This Tuesday, I have the good fortune to give a presentation on N. Smith, A. Capiluppi, and J. Fernandez-Ramil’s classic journal paper “Agent-Based Simulation Of Open Source Evolution,” from Software Process: Improvement and Practice 2006; 11: 423-43. Well, if anything from 2006 can be a classic, F/OSS is the place.

Figuring out how Free Software evolves is a black art. There’s quite a bit of grant money in it and I’ve seen theories that do everything from trying to quantify the exact number of developers the core of a project must have to purporting to build a checklist of all features that define when you will be successful integrating Open Source into your organization.

In this case, Smith et al. have taken the CVS logs from the Gaim, Wine , Arla , and MPlayer projects, plotted how their complexity evolved over time, then tried to tweak a model of developer-agents until the virtual project’s complexity had the same shape as the real ones. They hope to use this to causal relationships between module fitness, complexity and other factors. You will have to make your own decision as to whether they succeeded.

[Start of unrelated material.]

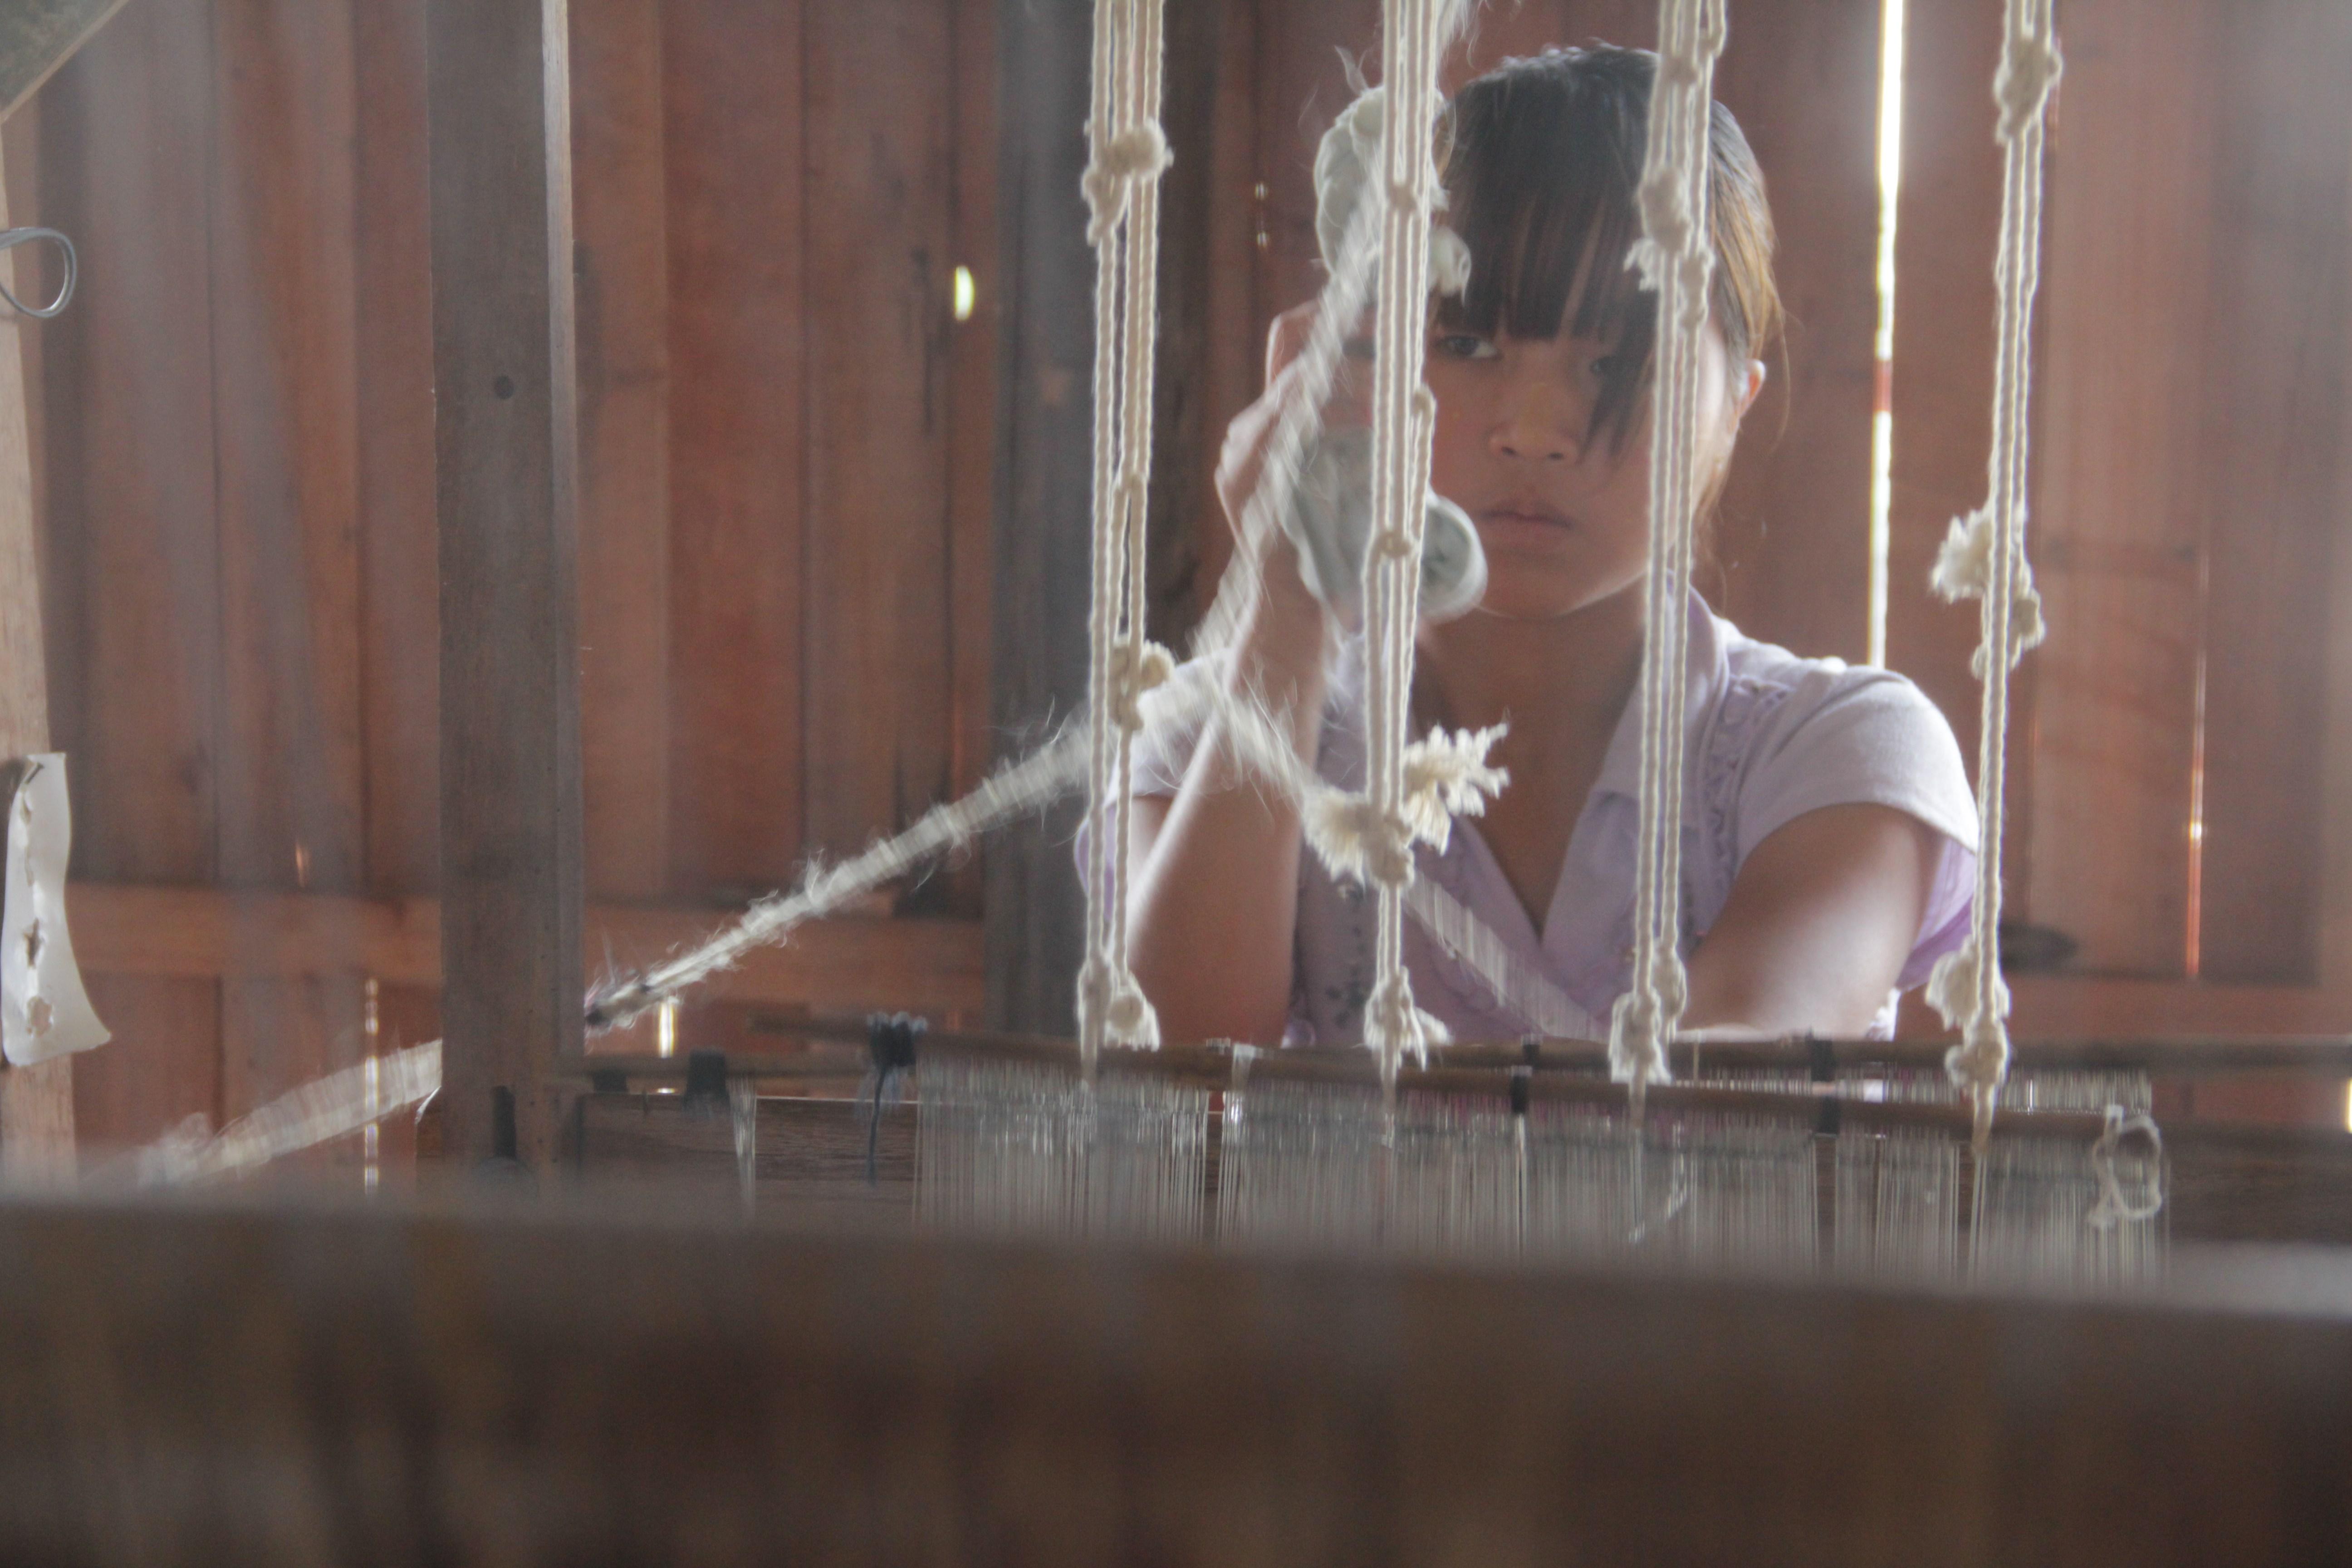 Dans un atelier de tissage traditionnel, cette jeune femme fabrique entre six et huit étoles par jour (© Jérôme Decoster).

For example, here’s the rate of growth of the four projects, relative to their current size:
3a.jpg

They also make charts counting the number of highly complex functions, defined by having a score of more than 15 on the McCabe index.

4b.jpg

And the “Complexity Control”, or how well the program is factored, of each of the 4 projects:

5ab.jpg 5cd.jpg

and finally, the Distribution of how many changes have been made to modules in a project. We would expect to see a small number of modules that get changed many times such as libraries and a large number of modules that receive only a few touches (ie., a long-tailed distribution). That is just what they give us:

6.jpg

Model
The authors decided to try running simulated developers on a simulated generic project using the NetLogo package. Each developer is an agent and is centered on a module. Each module stores two numbers: its complexity and its fitness. At any time, a developer is doing one of four things:

  • Creating a new module If the developer is on an unfilled requirement, it makes an new module.
  • Refactoring If the complexity of the module is too high, the agent refactors it. This reduces the complexity by a random amount.
  • Developing If the module is not being refactored, the agent will develop it. This increase the complexity and fitness by random amounts (I laughed out loud when I read that development increases fitness by a random amount, how appropriate).
  • Leaving Each developer has a boredom threshold. If the fitness of the module is too high, the developer will get bored and leave because the module is “too good” for further interesting work.

“Finally, modules have a chance to capture the attention of a developer passing through cyberspace.”

The model sometimes has problems converging to plausible results, but the authors explore 256 combinations of parameters, throw away the bad ones, and choose one of the rest which they are say are roughly similar.

Results
How does the simulation match up? I’ll put the empirical results side-by-side with the simulation results.

Growth Rates
The authors claim success on this one. You’ll recall the actual project growth rates:
3a.jpg
and here is the simulated growth rate:
7a.jpg

Complexity
The simulated result is the lower line in the right graph. The authors claim this line is “very similar to the empirical observations” (both lines in the left graph).
4b.jpg 7b.jpg

Complexity Control
The original pattern for all four projects:
5ab.jpg 5cd.jpg
and simulation which the authors write “is able to reproduce this pattern.”
8a.jpg

Distribution of Changes
Finally, the results for how often modules get changed.
Empirical:
6.jpg
and simulated:
8b.jpg

I’m not sure about you, but I consider the question still open.